A: Great question. Note that the convergence result in Theorem 4 does not rely on this assumption. Moreover, we showed in Appendix H that this assumption is necessary and sufficient to ensure a vanishing advantage gap $\zeta_k$. We agree with the reviewer that this assumption is restricted and may fail to hold in practical scenarios, and this echos our key point that constrained cooperative MARL problems can be challenging to solve.

Q2: It is not clear by the authors if the paper can be compared with other state-of-the-art algorithms (if exist) in terms of the optimality gap (in the constrained cooperative MARL setting).

A: Good question. To the best of our knowledge, no existing approaches for constrained cooperative MARL has convergence guarantee on the optimality gap. Specifically, as we discussed after Q1 in the introduction, the existing works only obtained either convergence of gradient norm (weaker than the optimality gap), or convergence of only part of the policy instead of the full algorithm. In the revision, we have added Table 1 to summarize this comparison.

Q3: In the proof of Theorem 3, why can we assign $\widetilde{\lambda} _ k$ to a larger value $2\lambda _ {k,\max}$ in the primal-dual algorithm.

A: Thank you very much for pointing out this and we have fixed it in the revised paper. Specifically, we changed the value of $\widetilde{\lambda} _ k$ from $2\lambda _ {k,\max}I\{V_k(\pi_t)\le \xi_k\}$ to $\lambda_{k,\max}I\{V_k(\pi_t)\le \xi_k\}$. Accordingly, we have doubled the value of $\lambda _ {k,\max}$ in Lemma 1 and showed that the optimal dual variable $\lambda_k^*\le \frac{1}{2}\lambda_{k,\max}$ (not $\lambda _ {k,\max}$).

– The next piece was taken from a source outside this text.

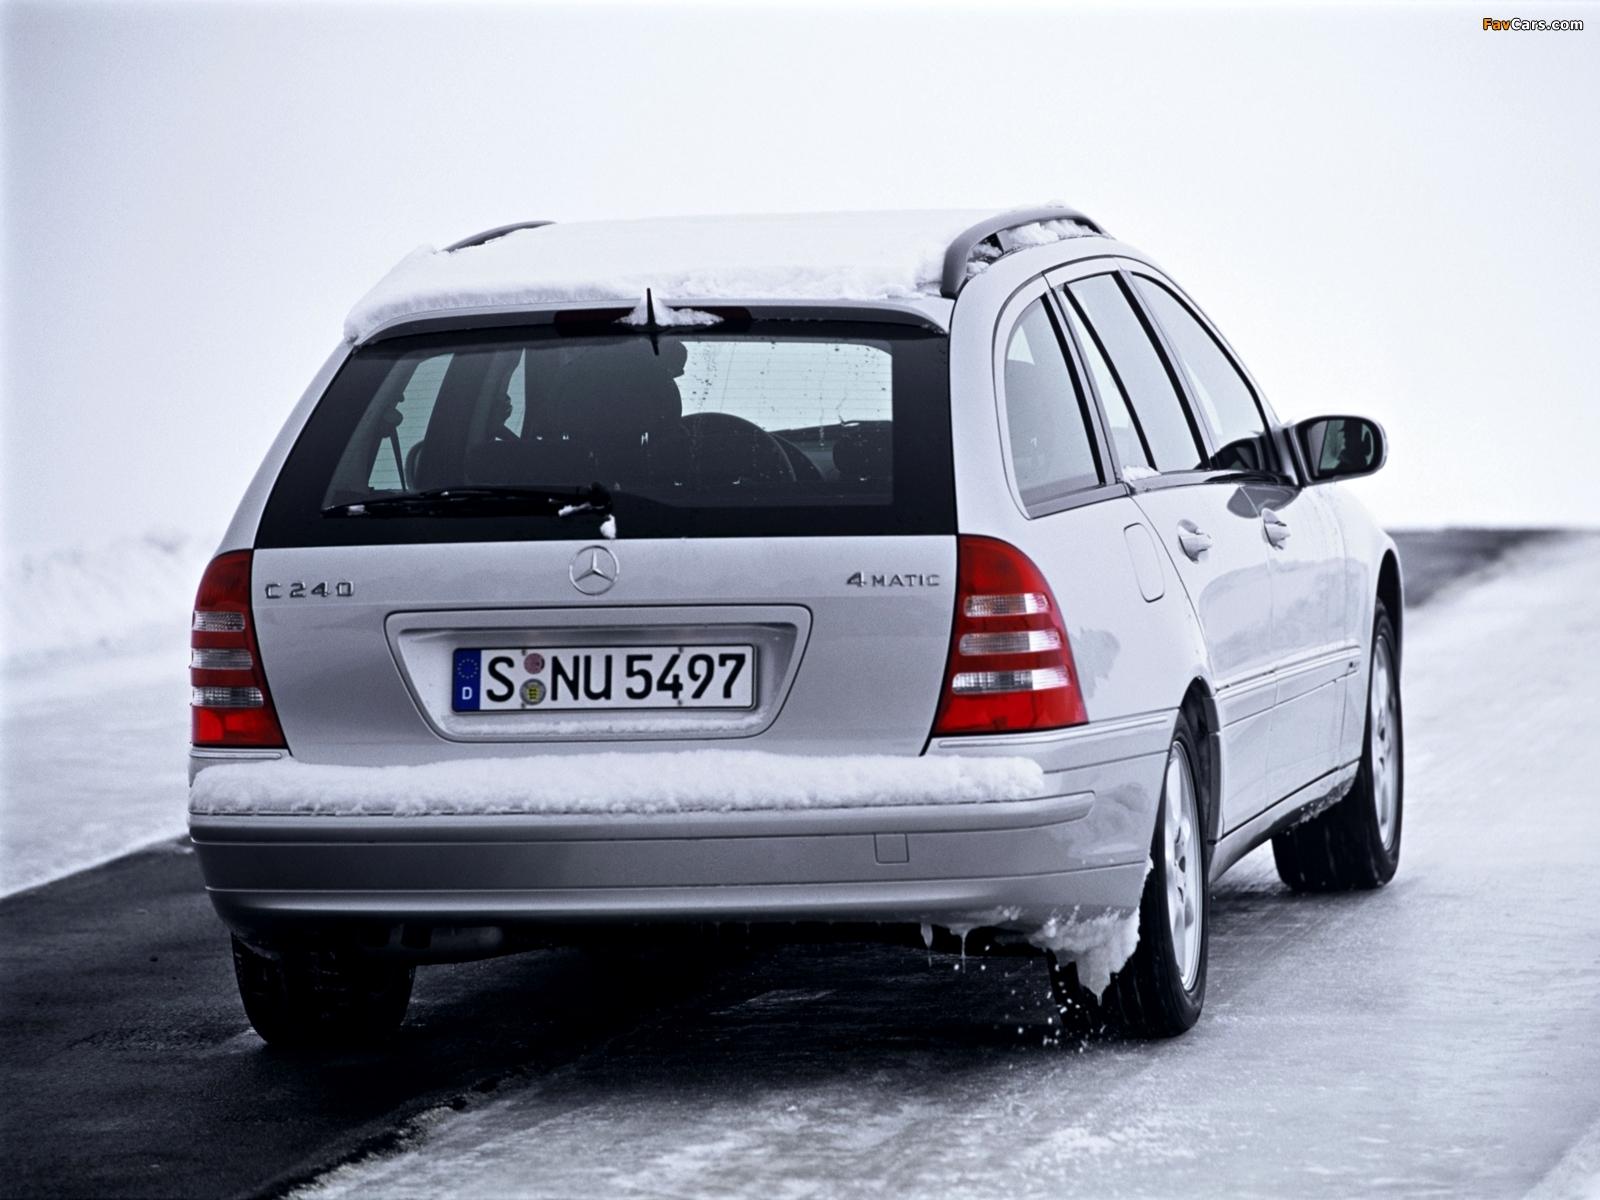 Images of mercedes benz c 240 estate s203 2001 05 for Mercedes benz c 240

Q4: In the proof of Theorem 7, can the authors be more explicit about the proof steps and explain what $\pi_{\omega}$ and $\omega$ are?

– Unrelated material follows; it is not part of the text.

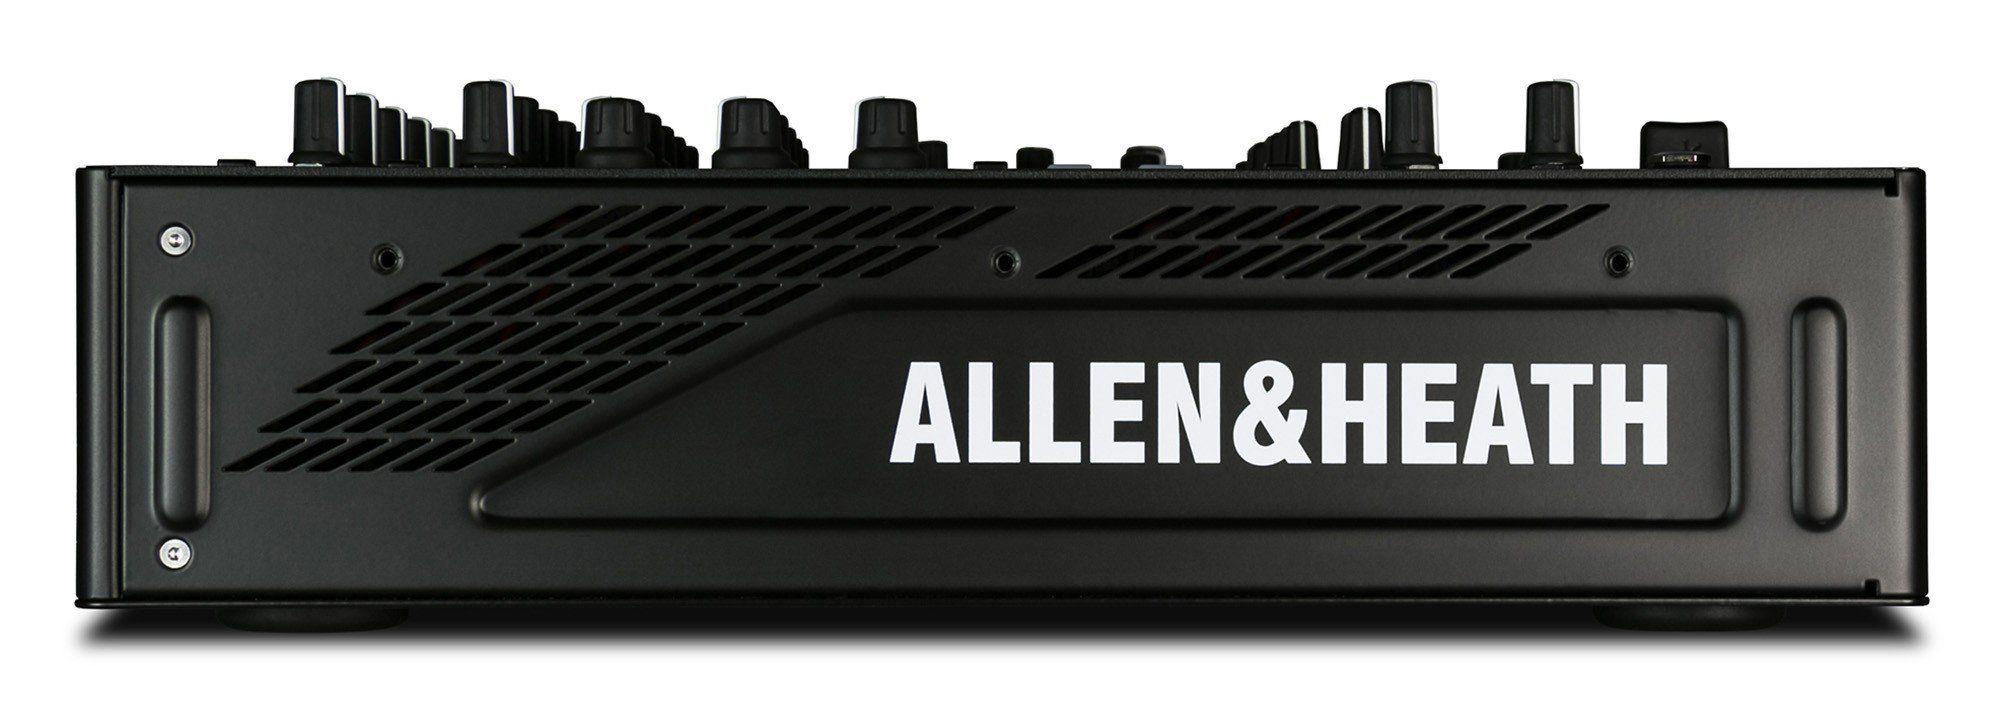 Allen Heath Xone PX5 Mixer Allen Heath Xone-PX5 com 4 canais e Traktor DVS

A: Thanks for checking our proof so carefully. In our revised paper, we have added bold subtitles to highlight the proofs of "if" and "only if" parts. We also added more intermediate steps and explanations to the proof of ``if'' part (i.e. the Q-function decomposition implies $\zeta_k=0$). We have also changed $\pi_{\omega}$ and $\omega$ to $\pi$. Thanks for pointing out this inconsistent notation.

Q5: In the proof of Lemma 3, can the authors be more explicit about the last inequality of page 33?

A: Thanks for checking our proof so carefully. We think the reviewer was referring to the following inequality. $\sum_a \Big|\prod_{m=1}^M\pi_{t+1}^{(m)}(a^{(m)}|s)-\prod_{m=1}^M \pi_t^{(m)}(a^{(m)}|s)\Big|$ $\le\sum_a \sum_{m'=1}^M\Big|\prod_{m=1}^{m'}\pi_{t+1}^{(m)}(a^{(m)}|s)\prod_{m=m'+1}^{M}\pi_t^{(m)}(a^{(m)}|s)-\prod_{m=1}^{m'-1}\pi_{t+1}^{(m)}(a^{(m)}|s)\prod_{m=m'}^{M}\pi_t^{(m)}(a^{(m)}|s)\Big|$ To exlain, for any fixed action $a$, denote $C_{m'}(a):=\prod_{m=1}^{m'}\pi_{t+1}^{(m)}(a^{(m)}|s)\prod_{m=m'+1}^{M}\pi_t^{(m)}(a^{(m)}|s)$ and then the above inequality can be obtained by the following triangle inequality $|C_M(a)-C_0(a)|=\Big|\sum_{m'=1}^M [C_{m'}(a)-C_{m'-1}(a)]\Big|\le \sum_{m'=1}^M |C_{m'}(a)-C_{m'-1}(a)|.$ We have added this clarification to the revised paper.

Thank you for adding an illustrating experiment. It looks the nonzero duality gap of optimal product policy doesn't make difference between two algorithms. Is this also characterized in their convergence rates?